While it’s too early to know for sure, early reporting suggests that meat may, in fact, be back on the menu. According to an in-depth investigation published on the Lord of the Rings fan site TheOneRing.Net, the New Zealand talent agency in charge of casting for the television series has put out an open call for actors who “must be comfortable with nudity.” Adding fuel to the speculative fire: Amazon Studios has hired Jennifer Ward-Lealand, a respected intimacy coordinator whose job it is to oversee sex and nudity scenes and ensure that everyone is comfortable during filming. (According to her website, she trained under Ita O’Brien, who did the intimacy coordination for Normal People. Very sexy!) Also, last summer, one of the show’s directors said that he couldn’t “wait to take audiences around the world to Middle-earth and have them discover the wonders of the Second Age, with a never-before-seen story.” A never-before-seen story, you say?
And, while TheOneRing.Net may not be among your most trusted sources for news, the investigation was written by a man named Cliff Quickbeam Broadway, who happens to be an award-winning producer of the feature-length documentary Ringers: Lord of the Fans. I personally trust his intel without question.

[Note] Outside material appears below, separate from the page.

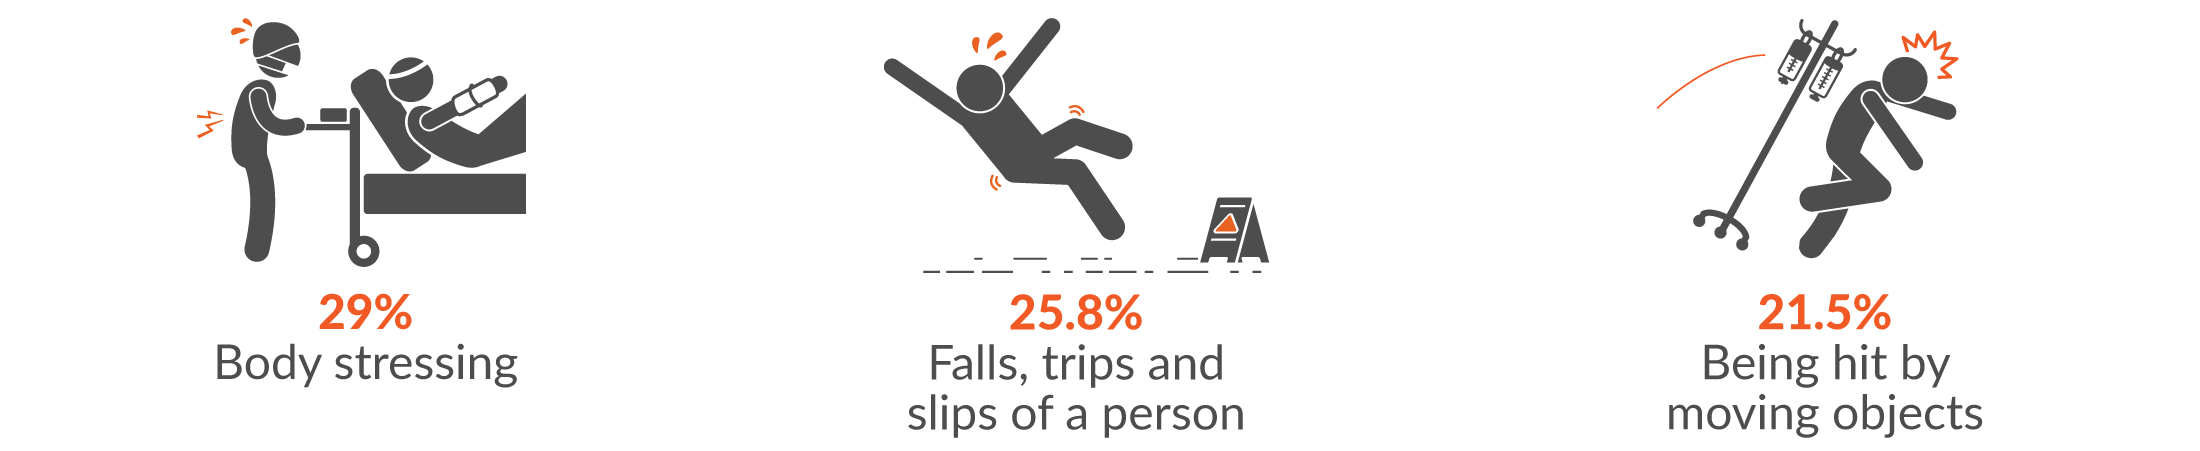 This infographic shows the main three mechanisms of injury for health and community services claims were 33.5% body stressing; 27% being hit by moving object; and 23.3% falls, trips and slips of a person.

Now, as Broadway suggests in his reporting — and as a quick scan of social media confirms — some fans are furious at even the suggestion that the TV series may be a little horny. Perhaps they fear that the potential sex scenes may be as gratuitous as the notoriously gratuitous ones in Game of Thrones, or maybe they simply find nudity to be totally unnecessary. Speaking to the first concern: Surely the hiring of an intimacy coordinator shows that the showrunners are committed to getting things right. And for those worried about the mere inclusion of nudity: As Broadway notes, there is some nudity — albeit, nonsexual — in Tolkien’s books.
Beyond that, are we sure that an overwhelmingly erotic Middle Earth experience is such a bad thing? Just imagine an incredibly sweaty orgy between characters who were crucial to many of our sexual awakenings. Make the elves get a little freaky. Allow the hobbits their fun. Give a new meaning to the inscription on the West-door of the Mines of Moria: Speak, friend, and enter.